The source Snap reads data from the endpoint and writes to the Output view.
If the buffer is full (i.e. if the Consumer Snap is slow), then the Producer Snap will block on the write operation for the 1025th document.
Pipeline branches execute independently. However in some cases, the data flow of a branch in a Pipeline can get blocked until another branch completes streaming the document.
Example: A Join Snap might hang if its upstream Snaps (e.g. Copy, Router, Aggregator, or similar) has a blocked branch.
This can be alleviated by setting Sorted streams to Unsorted in the Join Snap to buffer all documents in input views internally.
The actual threads that a Pipeline consumes can be higher than the number of Snaps in a Pipeline.
Some Snaps such as Pipeline Execute, Bulk loaders, and Snaps performing input/output, can use a higher number of threads compared to other Snaps.

Sample Pipeline illustration for threads and buffers

The following example Pipeline demonstrates the practical example of how the usage and composition of Snaps within a Pipeline change the characteristics of how the Pipeline will operate once it is executed.

Segment 1

Segment 2

Six threads are initialized at Pipeline startup. There are a total of seven ring buffers. The Copy Snap has two buffers, all other Snaps have one output buffer each.
There are two segments that run in parallel and are isolated (other than the fact that they run on the same node, sharing CPU/memory/IO bandwidth).
The first segment has two branches. Performance of one branch can impact the other. For example, if the SOAP branch is slow, then the Copy Snap’s buffer for the SOAP branch will get full. At this point, the Copy Snap will stop processing documents until there is space available in the SOAP branch’s buffer.
Placing an aggregating Snap like the Sort Snap in the slow branch changes the performance characteristics significantly as the Snap must receive all upstream documents before processing and sending the documents to the downstream Snaps.

Memory Configuration thresholds

Property / Threshold	Where configured	Default value	Comments
Maximum memory %	Node properties tab of the Snaplex	85 (%)	Threshold at which no more Pipelines will be assigned to a node
Pipeline termination threshold	Internal (Can be configured by setting the feature flag at the org level com.snaplogic.cc.snap.common. SnapThreadStatsPoller. MEMORY_HIGH_WATERMARK_PERCENT)	95 (%)	Threshold at which the active Pipeline management feature kicks in and terminates Pipelines when the node memory consumption exceeds the threshold. Ideal range: 75-99
Pipeline restart delay interval	Internal (Can be configured by setting the feature flag at the org level com.snaplogic.cc.snap.common. SnapThreadStatsPoller. PIPELINE_RESTART_DELAY_SECS)	30 (seconds)	One Pipeline is terminated every 30 seconds until the node memory goes below the threshold (i.e. goes below 95%)

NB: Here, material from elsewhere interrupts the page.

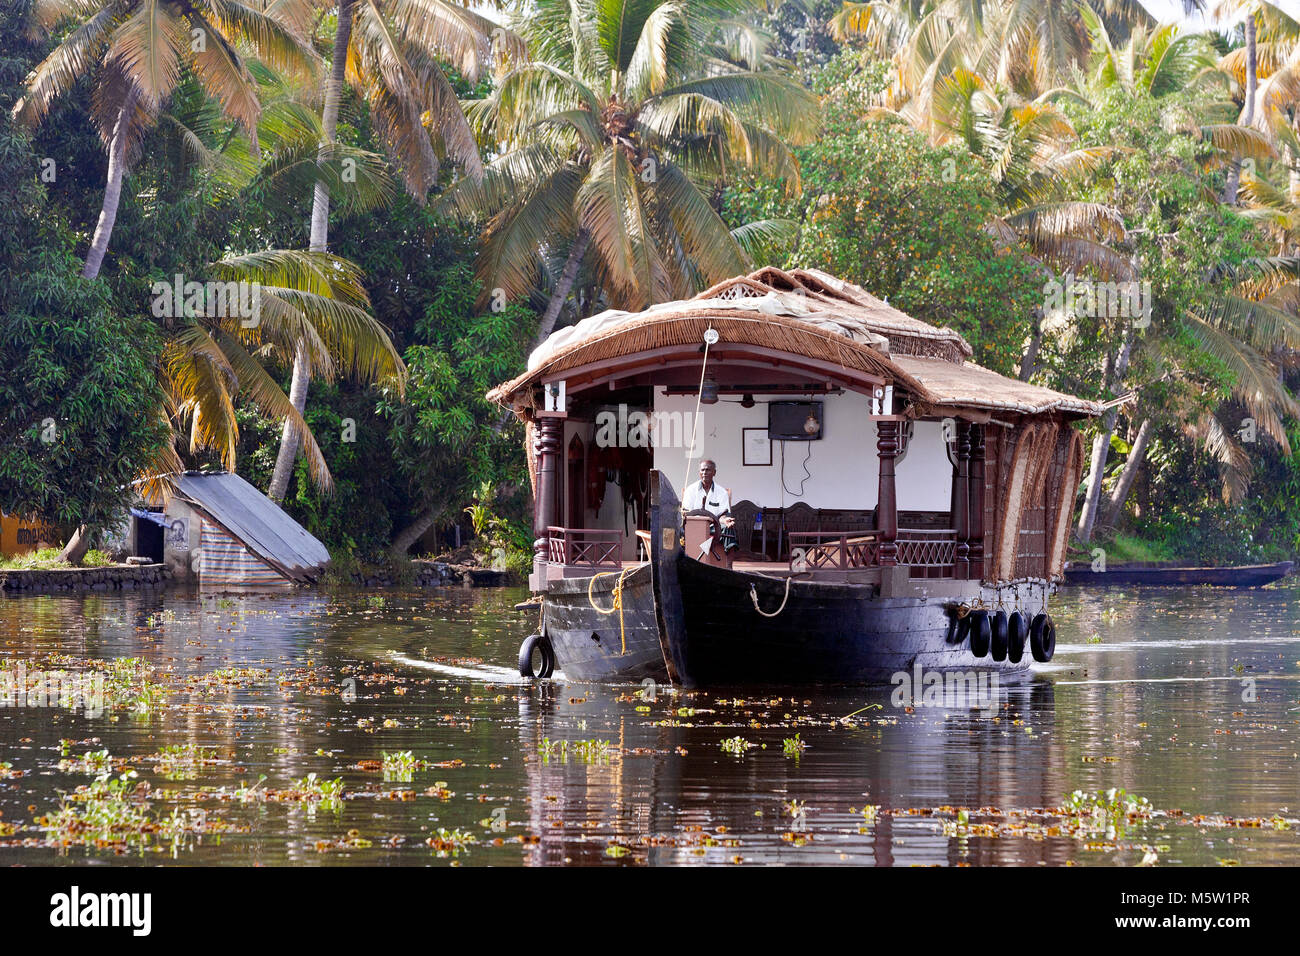 Sailing on a houseboat on the backwaters near Alleppey and Kumarakom in Kerala, India. Stock Photo

Table 2.0 Snaplex node memory configurations

The above thresholds can be optimized to minimize Pipeline terminations due Out-of-Memory exceptions. Note that the memory thresholds are based on the Physical memory on the node, and not the Virtual / Swap memory.

Additional Reference: Optimizations for Swap Memory

Hypothetical scenario

Add 16 GB swap memory to a Snaplex node with 8 GB physical memory.

Property	Comments
Swap Space on the server	Add 16 GB of swap / virtual memory to the node.
Total Memory	Total Memory is now = 24 GB (8 GB Physical plus 16 GB Virtual)
Maximum Heap Size	Set to 90% (of 24 GB) = 22 GB
Maximum Memory	Set to 31% rounded (of 22 GB) = 7 GB

The intent of the above calculation is to ensure that the JCC utilizes 7GB of the available 8GB memory for normal workloads. Beyond that, the load balancer can queue up additional Pipelines or send them to other nodes for processing. If Pipelines that are running collectively start using over 7GB of memory, then the JCC can utilize up to 22GB of the total heap memory by using the OS swap space per the above configuration.

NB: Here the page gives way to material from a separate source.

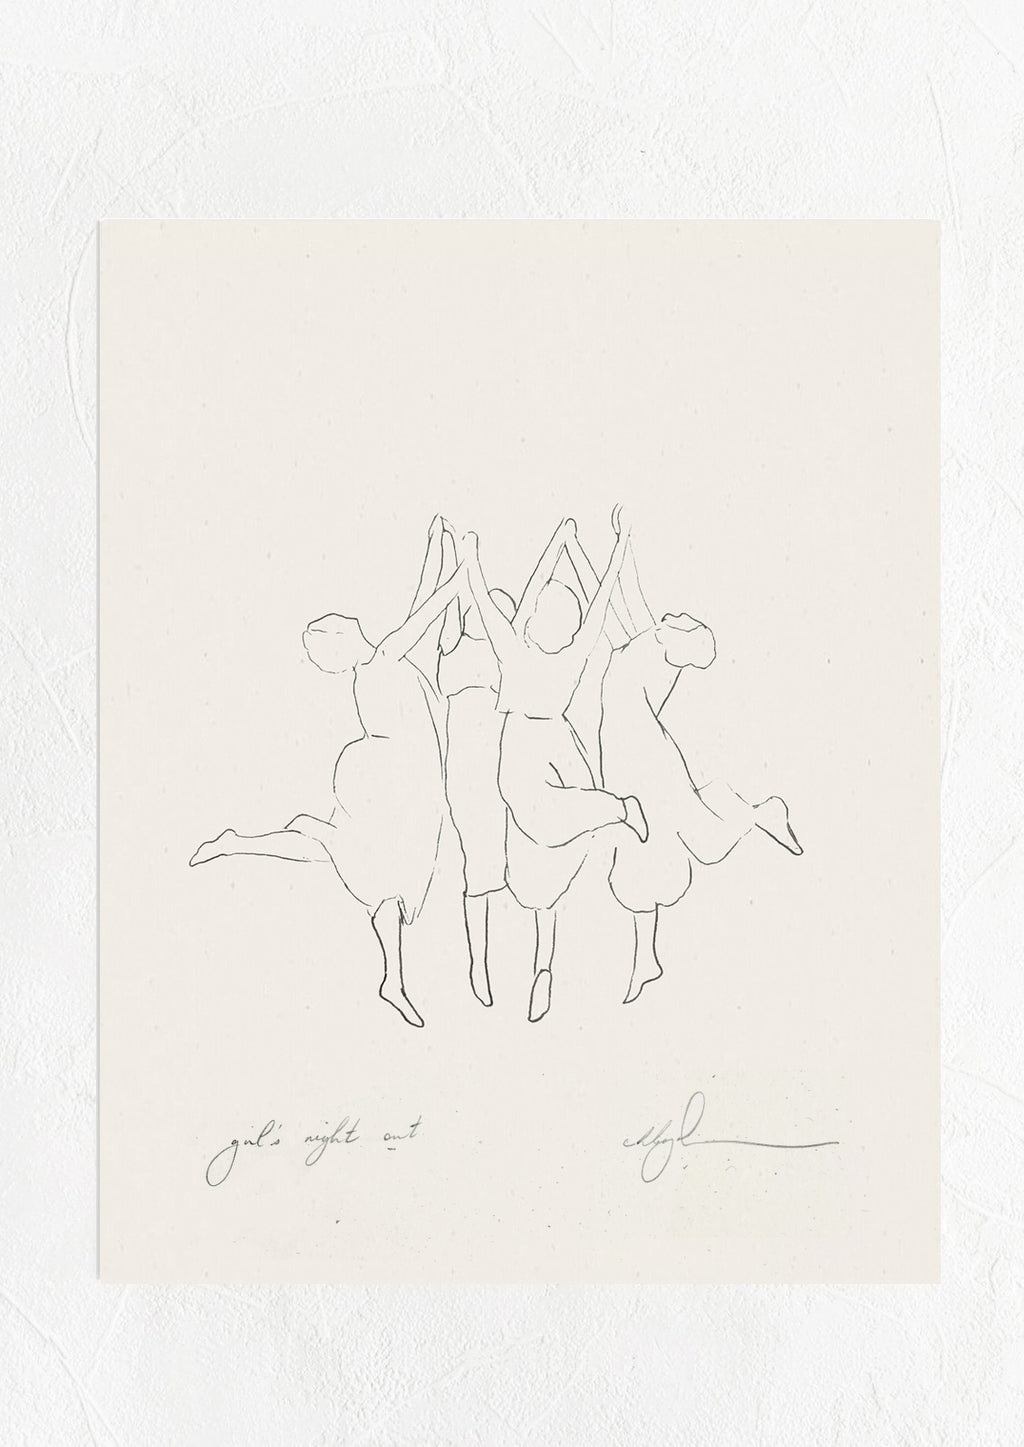 1: An art print with black line drawing of women dancing in a circle.

Table 3.0 Snaplex node memory configurations

By updating the memory configurations as in the above example, the JCC utilizes 7 GB of the available 8 GB memory. Beyond that value, the load balancer would queue up additional Pipelines or distribute them across other nodes.

Use the default configurations for normal workloads, and use Swap-enabled configuration for dynamic workloads.
When your workload exceeds the available physical memory and the swap is utilized, the JCC can become slower due to additional IO overhead caused by swapping. Hence, configure a higher timeout for jcc.status_timeout_seconds and jcc.jcc_poll_timeout_seconds for the JCC health checks.
We recommend that you limit to 16 GB the maximum swap to be used by the JCC. Using a larger swap configuration causes performance degradation during the JRE garbage collection operations

Modularization

Modularization can be implemented in SnapLogic Pipelines by making use of the Pipeline Execute Snap. This approach enables you to:

Structure complex Pipelines into smaller segments through child Pipelines.
Initiate parallel data processing using the Pooling option.
Reuse child Pipelines.
Orchestrate data processing across nodes, within the Snaplex or across Snaplexes.
Distribute global values through Pipeline parameters across a set of child Pipeline Snaps.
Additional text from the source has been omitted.